Output a verbatim copy of the data, cut off after the line that contains "Menos conocido pero".

◆ DATASET ENTRIES ◆

● ● ● ● ●

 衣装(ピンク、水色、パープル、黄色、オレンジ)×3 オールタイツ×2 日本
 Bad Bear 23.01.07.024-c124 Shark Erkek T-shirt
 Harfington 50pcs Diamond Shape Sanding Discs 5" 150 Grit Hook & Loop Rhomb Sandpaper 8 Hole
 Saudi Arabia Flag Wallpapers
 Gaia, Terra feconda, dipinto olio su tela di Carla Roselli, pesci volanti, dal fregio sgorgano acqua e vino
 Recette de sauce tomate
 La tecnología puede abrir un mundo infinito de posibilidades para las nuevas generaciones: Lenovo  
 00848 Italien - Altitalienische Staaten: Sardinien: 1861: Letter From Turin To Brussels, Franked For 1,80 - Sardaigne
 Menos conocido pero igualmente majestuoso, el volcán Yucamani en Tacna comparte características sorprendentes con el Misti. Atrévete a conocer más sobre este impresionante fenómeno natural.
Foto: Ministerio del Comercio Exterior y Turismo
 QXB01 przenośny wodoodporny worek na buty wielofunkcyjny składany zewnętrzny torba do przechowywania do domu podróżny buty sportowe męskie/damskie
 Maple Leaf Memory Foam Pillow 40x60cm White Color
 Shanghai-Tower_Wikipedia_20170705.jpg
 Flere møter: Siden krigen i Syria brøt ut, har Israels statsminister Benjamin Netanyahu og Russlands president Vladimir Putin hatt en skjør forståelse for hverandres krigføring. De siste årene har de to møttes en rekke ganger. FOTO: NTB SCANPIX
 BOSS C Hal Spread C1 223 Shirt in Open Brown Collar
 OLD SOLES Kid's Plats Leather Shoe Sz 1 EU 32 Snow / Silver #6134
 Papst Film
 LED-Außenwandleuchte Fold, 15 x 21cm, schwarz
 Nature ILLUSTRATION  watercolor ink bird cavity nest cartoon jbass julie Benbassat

● ● ● ● ●

◆ RESPONSE TO THE TASK ◆
 衣装(ピンク、水色、パープル、黄色、オレンジ)×3 オールタイツ×2 日本
 Bad Bear 23.01.07.024-c124 Shark Erkek T-shirt
 Harfington 50pcs Diamond Shape Sanding Discs 5" 150 Grit Hook & Loop Rhomb Sandpaper 8 Hole
 Saudi Arabia Flag Wallpapers
 Gaia, Terra feconda, dipinto olio su tela di Carla Roselli, pesci volanti, dal fregio sgorgano acqua e vino
 Recette de sauce tomate
 La tecnología puede abrir un mundo infinito de posibilidades para las nuevas generaciones: Lenovo  
 00848 Italien - Altitalienische Staaten: Sardinien: 1861: Letter From Turin To Brussels, Franked For 1,80 - Sardaigne
 Menos conocido pero igualmente majestuoso, el volcán Yucamani en Tacna comparte características sorprendentes con el Misti. Atrévete a conocer más sobre este impresionante fenómeno natural.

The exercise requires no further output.